* _Records for this exercise_
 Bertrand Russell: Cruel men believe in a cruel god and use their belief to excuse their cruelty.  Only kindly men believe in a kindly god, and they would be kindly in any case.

==

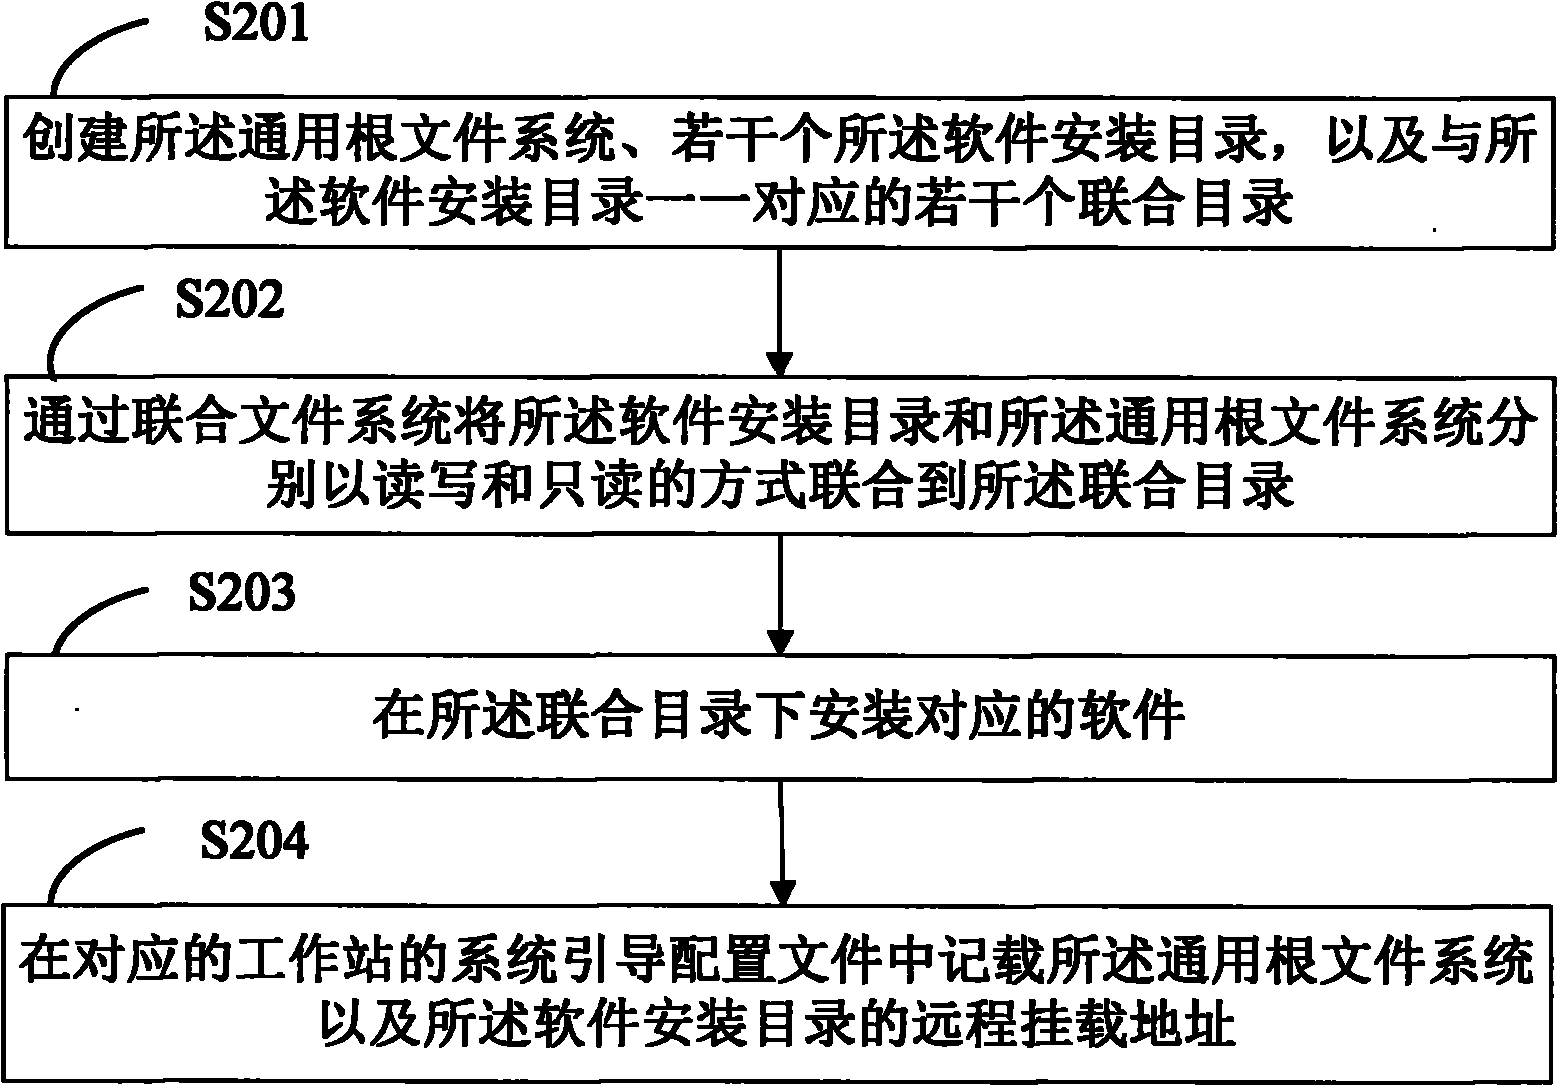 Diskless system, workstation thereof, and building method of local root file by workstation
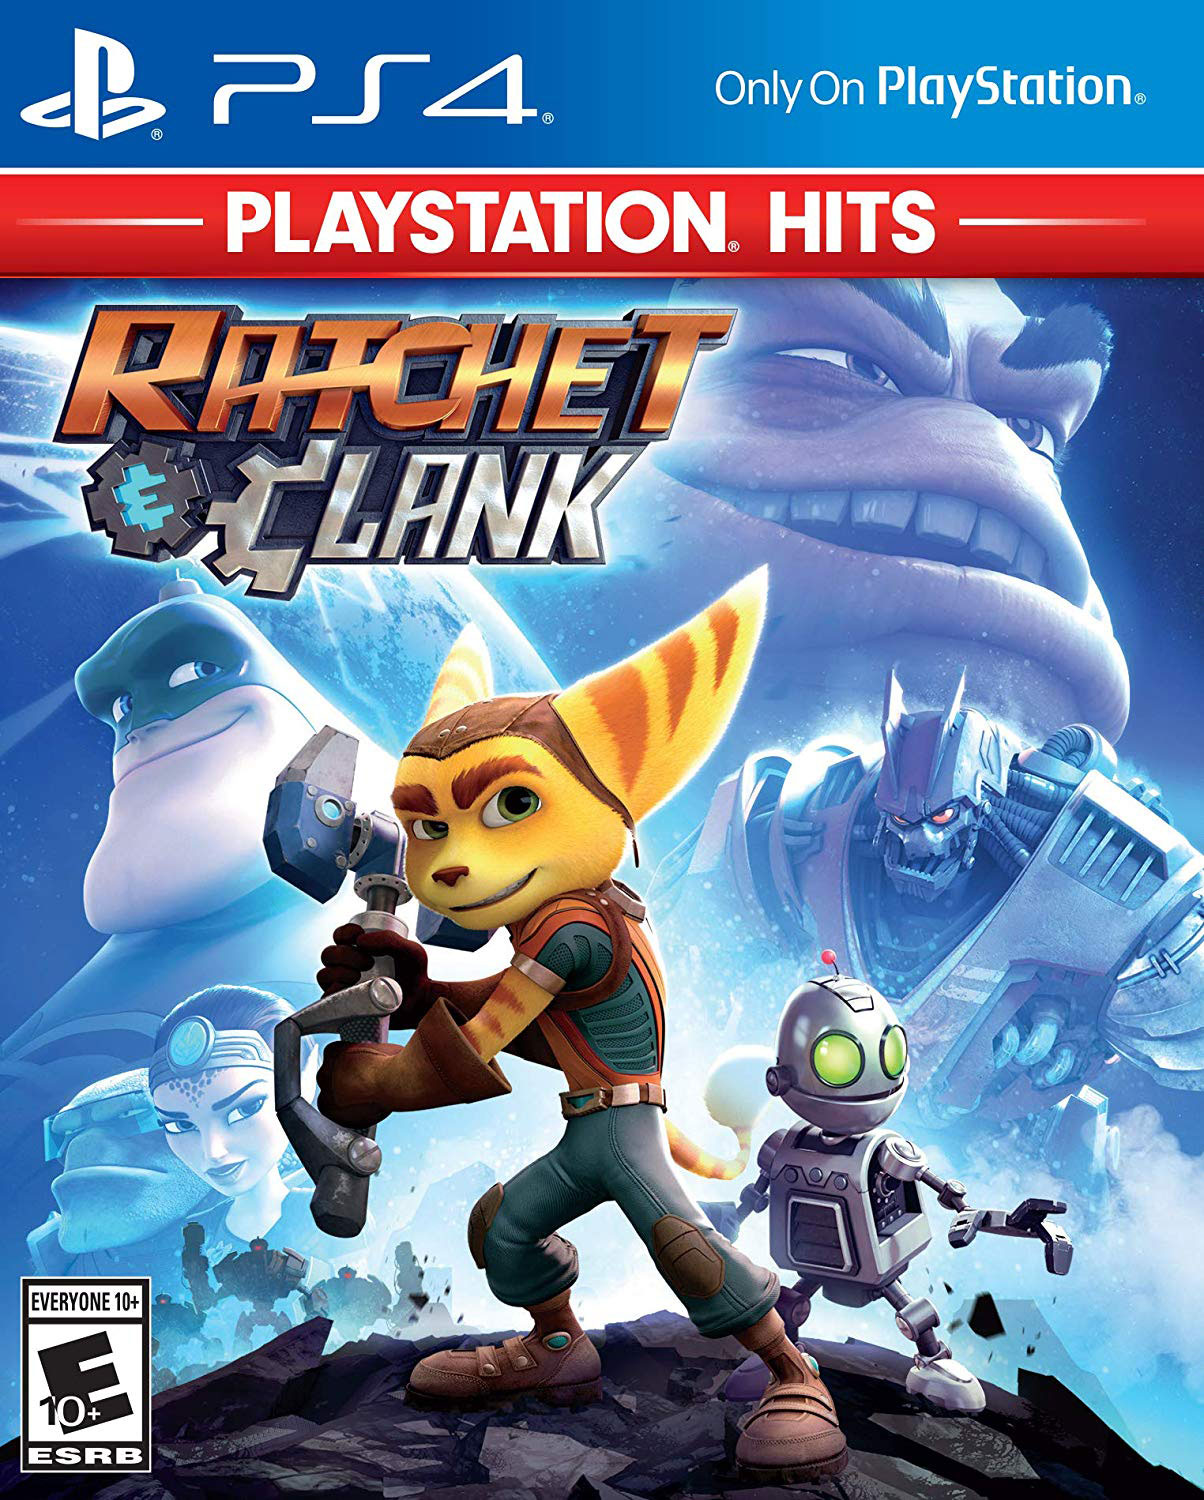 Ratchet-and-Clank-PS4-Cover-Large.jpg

* * *

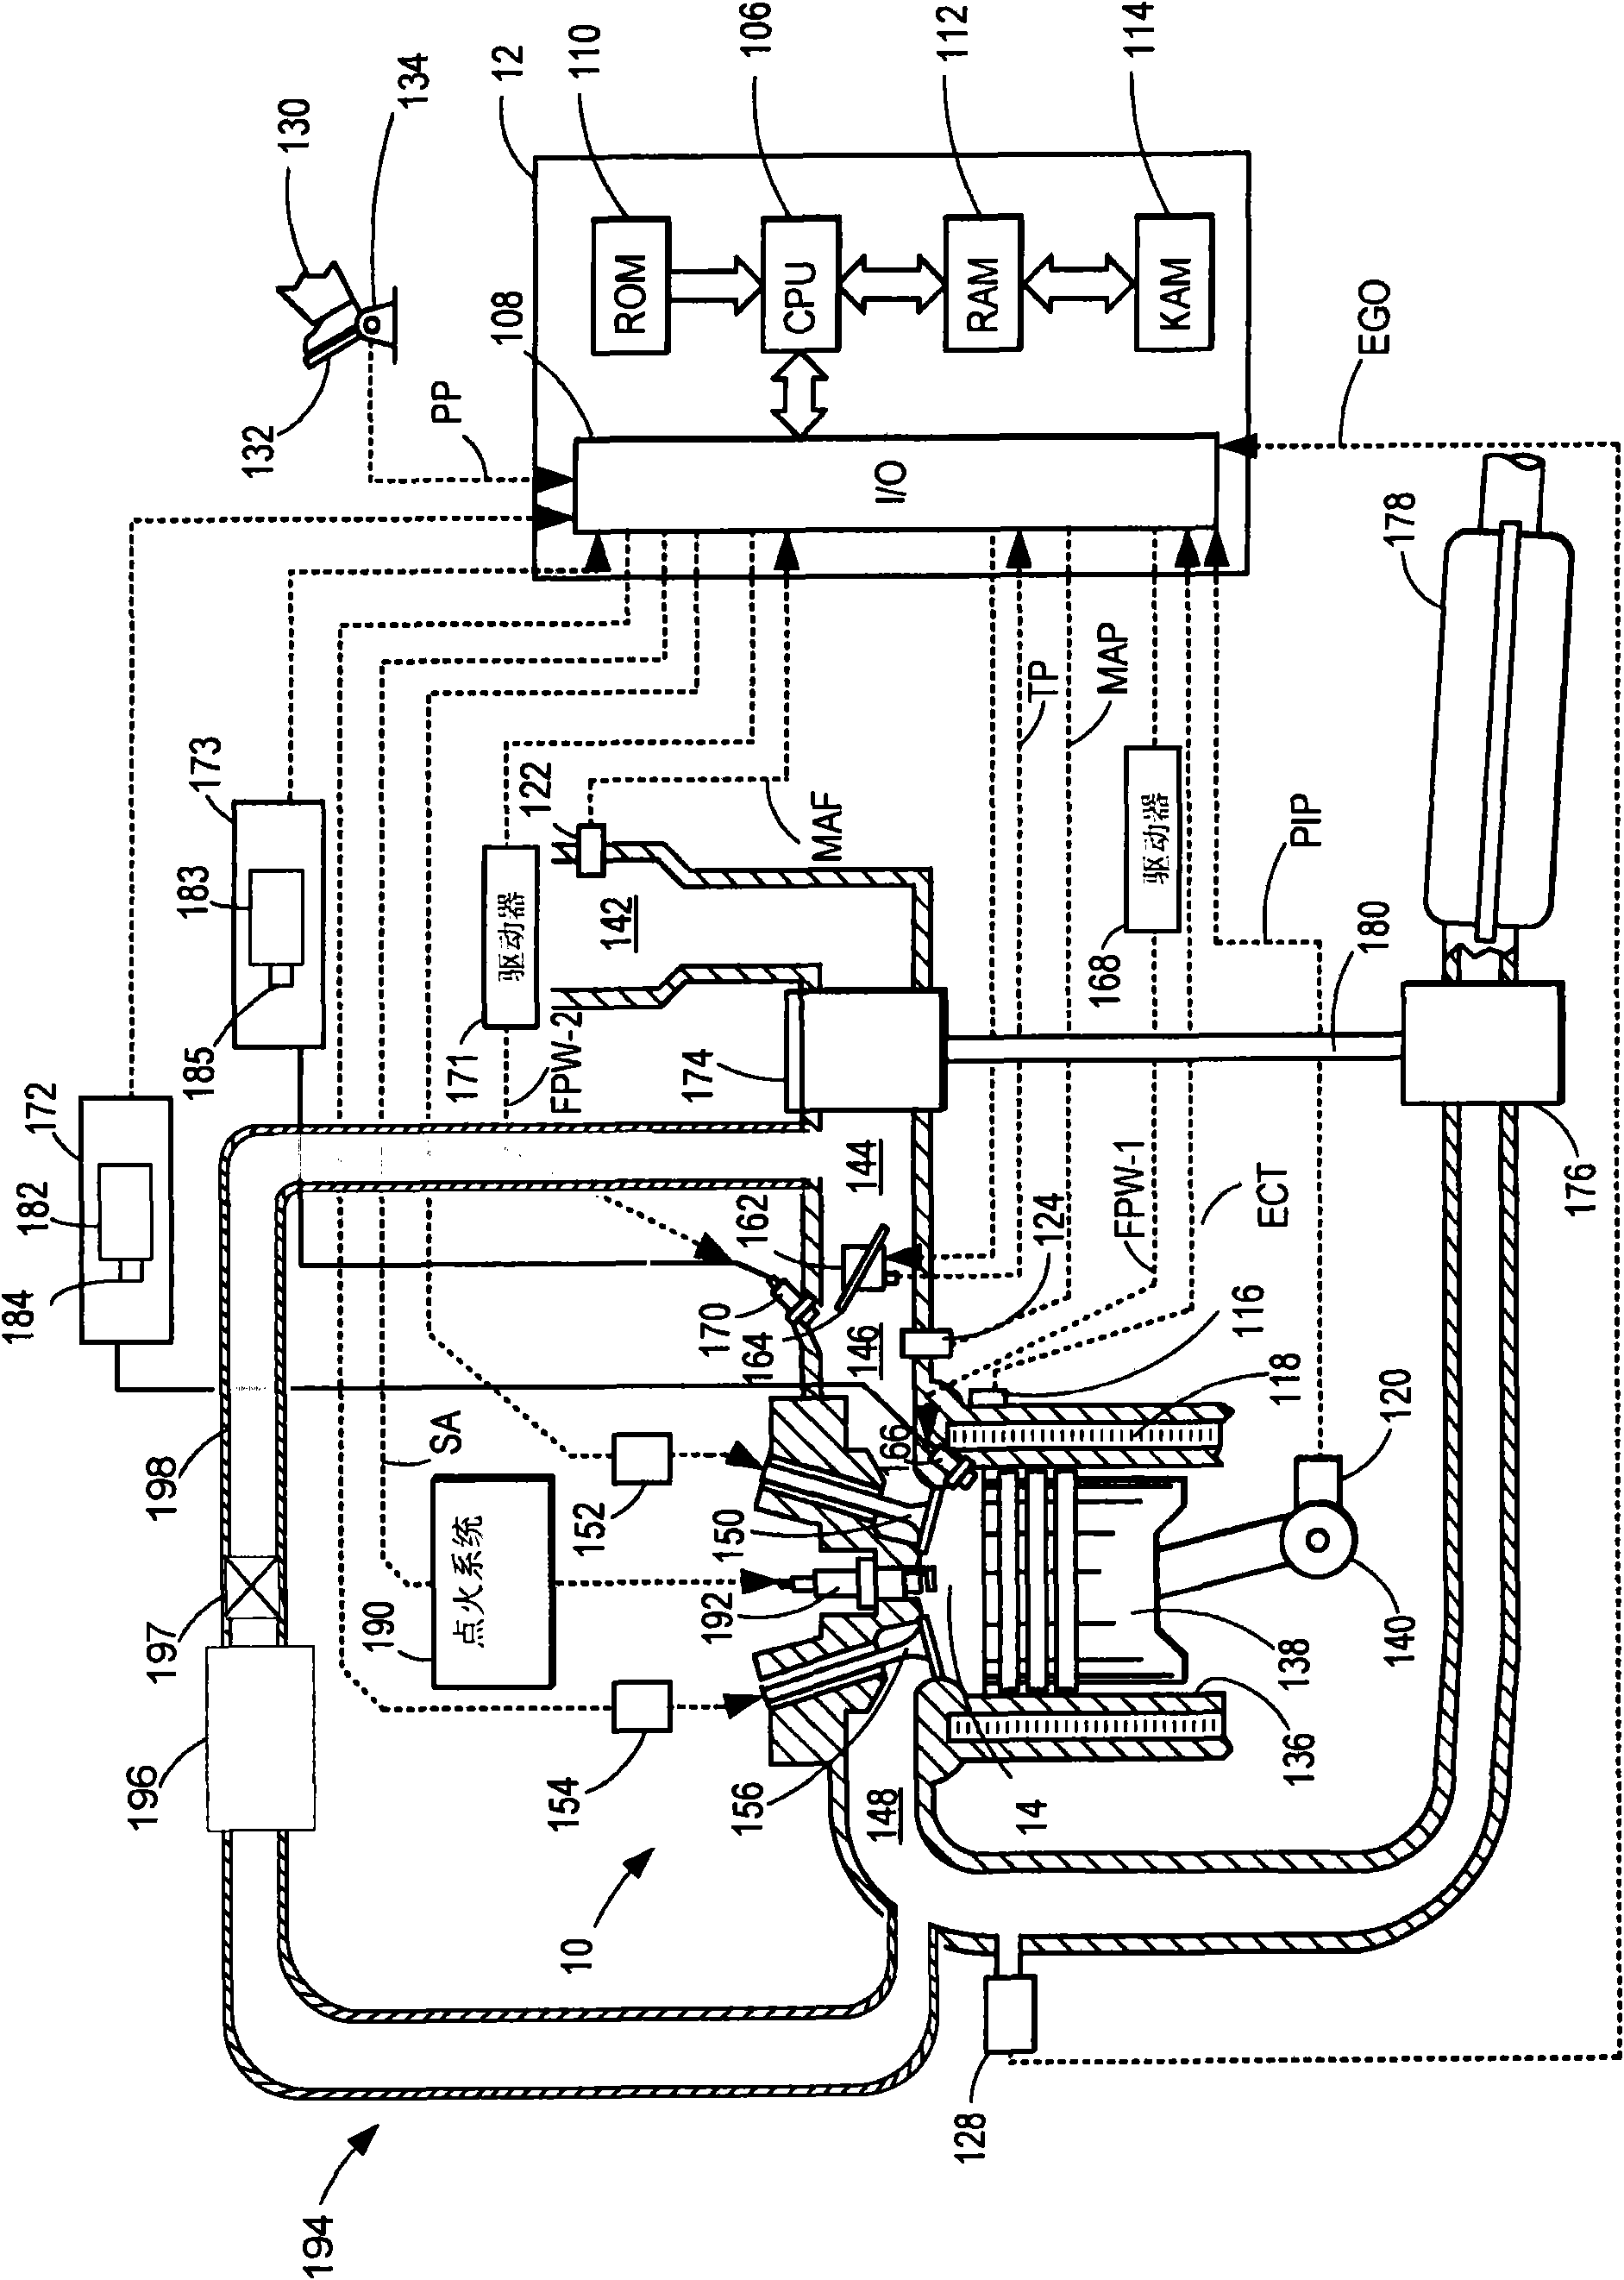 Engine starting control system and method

* _Work order_
What is needed is an exact copy of the lines above, from the one holding "Diskless system, workstation" down to the one holding "Ratchet-and-Clank-PS4-Cover-Large.jpg", with those two included and the pictures left out.

* _Solution for this problem_
 Diskless system, workstation thereof, and building method of local root file by workstation
 Ratchet-and-Clank-PS4-Cover-Large.jpg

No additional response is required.